/spark-scala3

Primary LanguageScalaApache License 2.0Apache-2.0

Spark-Scala3

This repository aims at making the adoption of Scala 3 easier for projects using Apache Spark.

How to get this library

Add the following dependency to your build.sbt:

"io.github.vincenzobaz" %% "spark-scala3" % "0.1.2"

Apache Spark version

As Scala 3 can use Scala 2.13 libraries, your Spark-Scala3 project needs a Spark version published for 2.13. As of now, Spark 3.2 is scheduled to be compatible with Scala 2.13 and the Apache Spark team publishes a Snapshot version of 3.2.

You can add it in your build.sbt with:

ThisBuild / resolvers += "Spark Snapshots" at "https://repository.apache.org/content/repositories/snapshots"

val sparkVersion = "3.2.0-SNAPSHOT"

libraryDependencies ++= Seq(
  ("org.apache.spark" %% "spark-core" % sparkVersion).cross(CrossVersion.for3Use2_13),
  ("org.apache.spark" %% "spark-sql" % sparkVersion).cross(CrossVersion.for3Use2_13)
)

Encoders

The Spark sql API provides the Dataset[T] abstraction. Most methods of this type require an implicit (given in Scala 3 parlance) instance of Encoder[T].
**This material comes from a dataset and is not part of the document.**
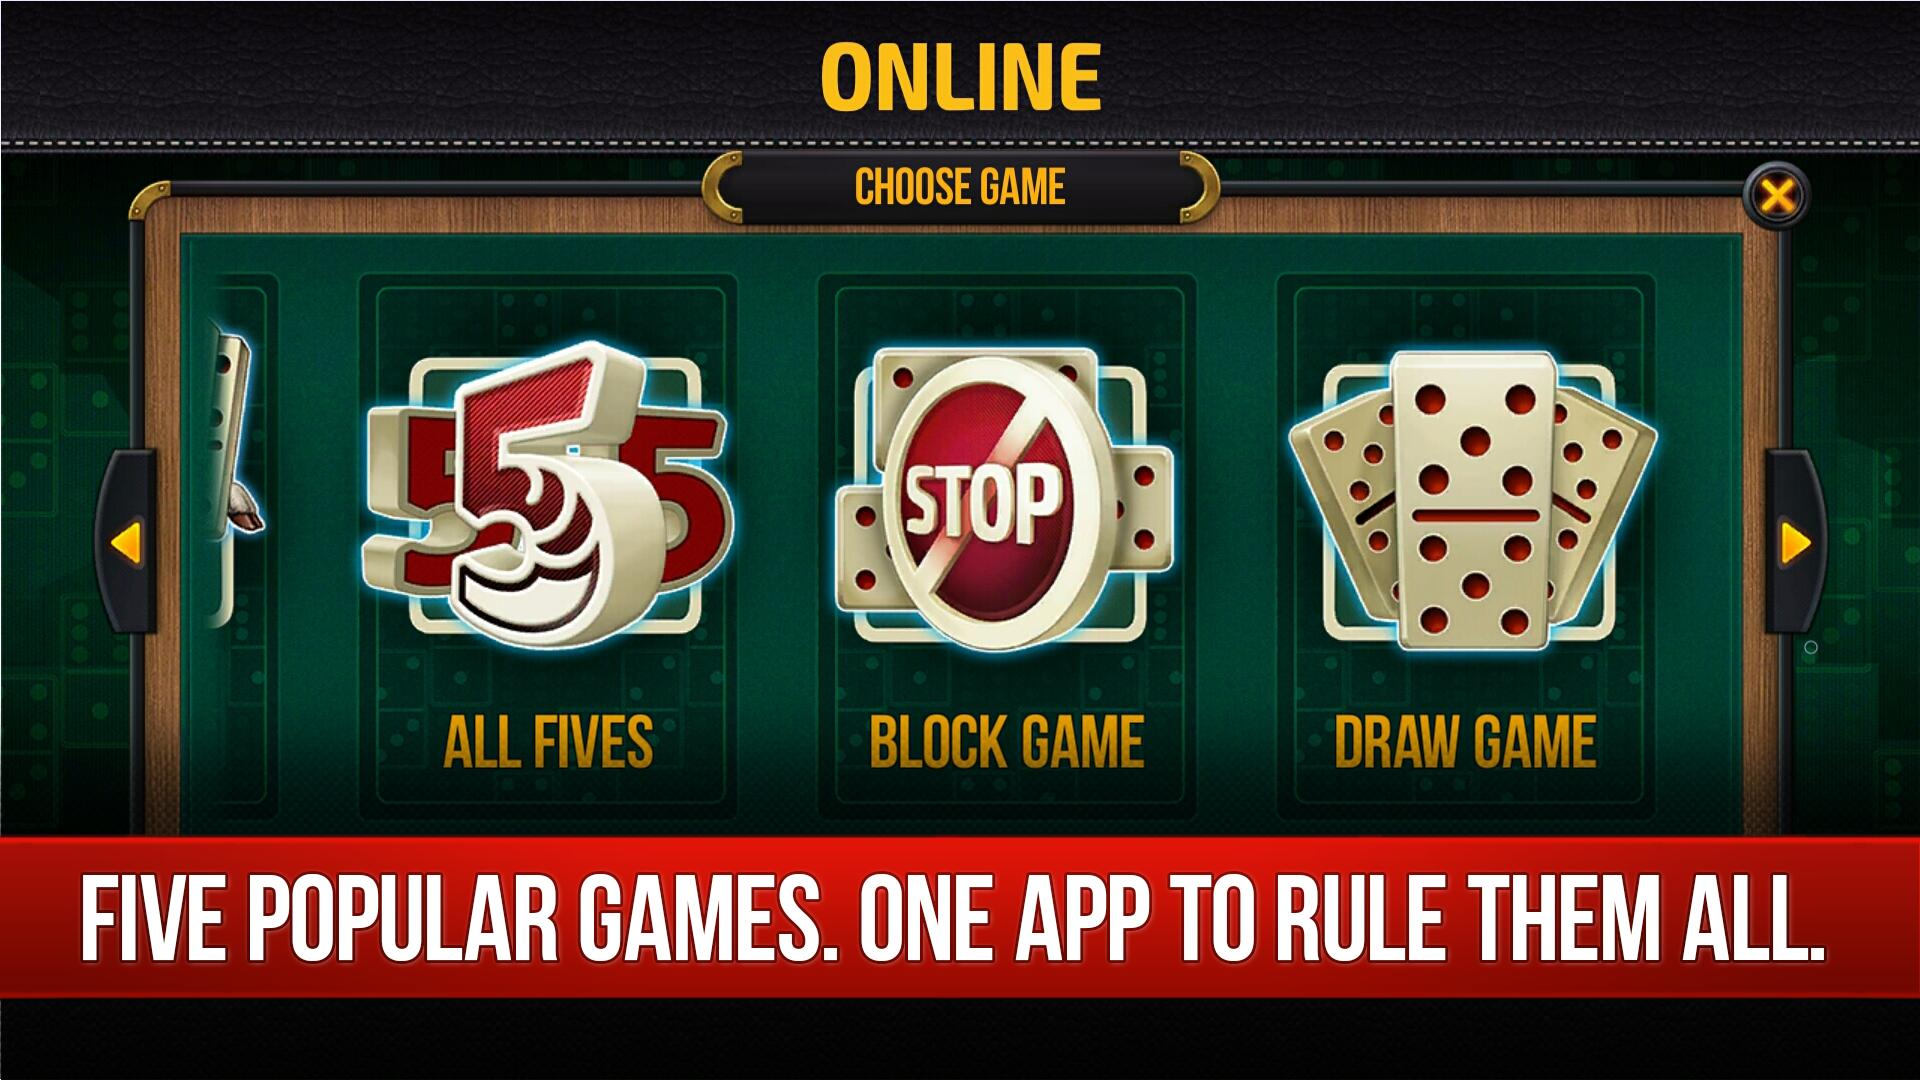 Domino - Dominoes online. Play free Dominos! 2.9.2 Screenshot 2

These instances are automatically derived when you use:

scala import sqlContext.implicits._

Unfortunately this derivation relies on Scala 2.13 runtime reflection which is not supported in Scala 3.

This library provides you with an alternative compile time encoder derivation which you can enable with the following import:

import scala3encoders.given